"utilizing multiple IPv6 addresses per interface inside your LAN"
Have you ever actually tried that
Not on my own LAN. But I have been using my laptop on LANs which were configured like that.
with increasing numbers of per-interface addresses?
Who says the number has to increase? Each interface should only have one static and a handful of temporary addresses. The temporary addresses are removed at the same rate at which they are added.
increasing numbers of AAAA RRs?
You don't put temporary addresses in your AAAA records. If something need a AAAA record, you use a static address for that. So it is static address on the server side and temporary address on the client side.
NAT66, adjusting only the high order ("prefix") bytes at the external gateway is vastly more simple
Sure that is the simplest form of NAT, which you can possibly do. However it does not give you any of the anonymity or topology hiding, which is often given as motivations for using NAT in the first place.
Yes, you can avoid renumbering that way. But there are drawbacks as well. You will break any protocol, which is not strictly a client-server protocol. And you will break any algorithm, which looks at assigned addresses and behaves differently depending on whether you have a routable IP address or not. Is this breakage of protocols you may be using on a daily basis really worth it, in order to avoid a bit of extra work in the rare case, where you may have to renumber your network?
the only requirement for NAT-friendliness is that the host implementations do not tell higher layer protocols the truth about what's in the high order bytes.

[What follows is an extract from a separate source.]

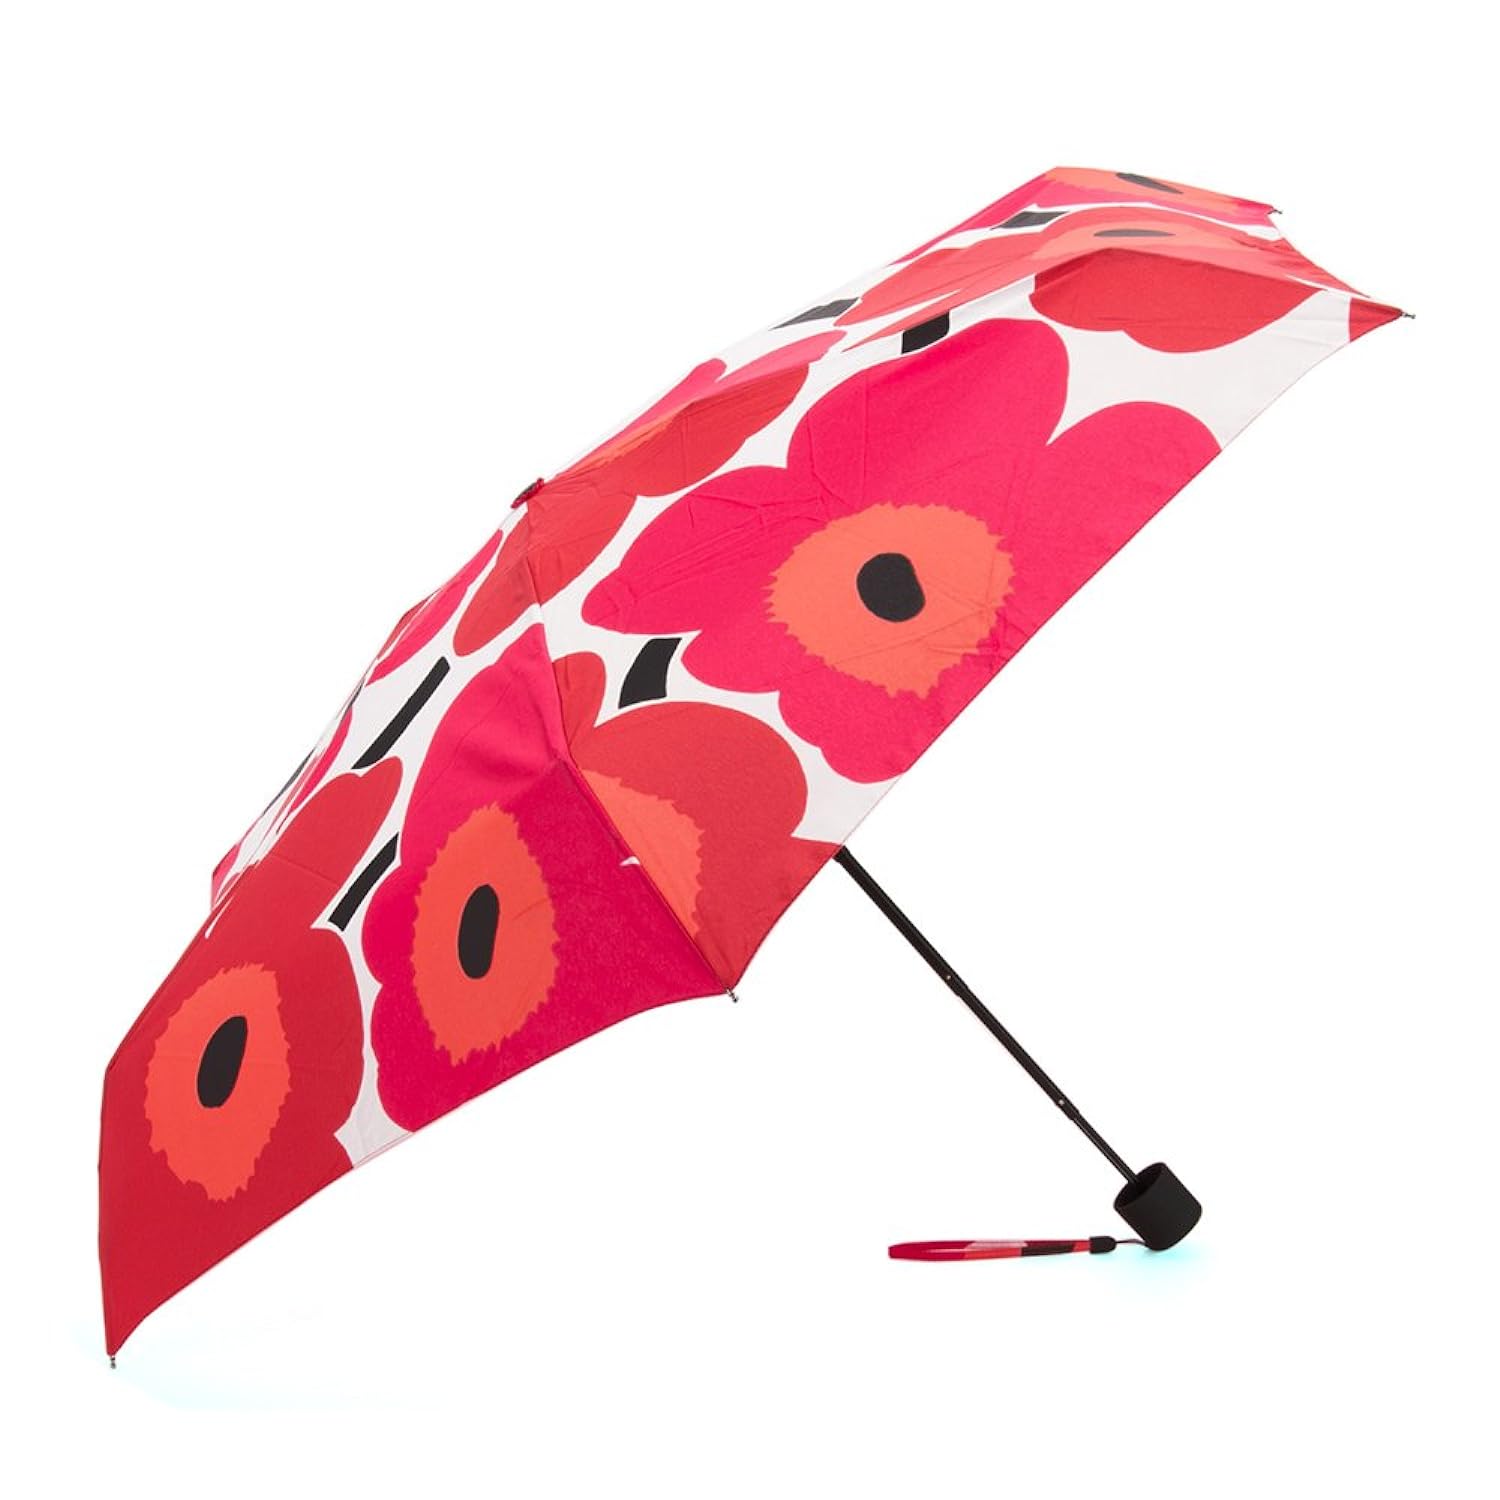 マリメッコ marimekko 雨傘 折りたたみ傘 かさ レディース ウニッコレッド 038654-001 [並行輸入品]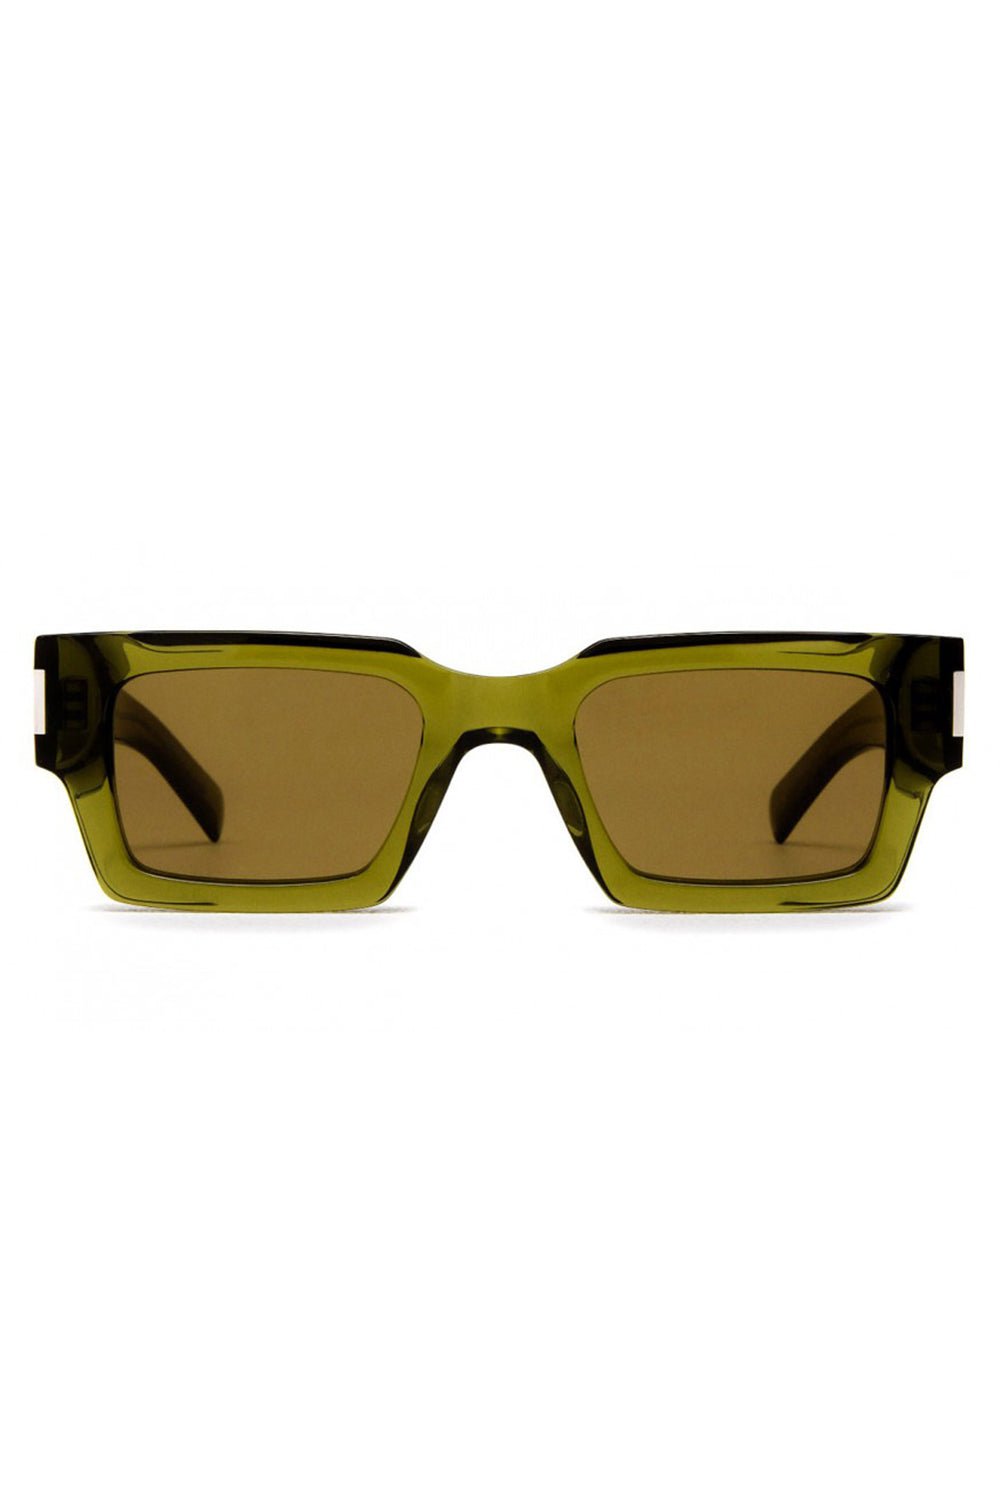 SAINT LAURENT-Rectangular Sunglasses - Green-GREEN/GREEN/BROWN

How would you make anything but a strictly client-server protocol work with that requirement? Let's keep it simple and consider just the following scenario. Two clients (which could be both on the same LAN or on separate LANs far from each other) each resolve the IP address of a single server. Each client contact the server and indicate they want to communicate with each other. The server informs each client about the address of the other, such that a direct communication channel can be established between the clients.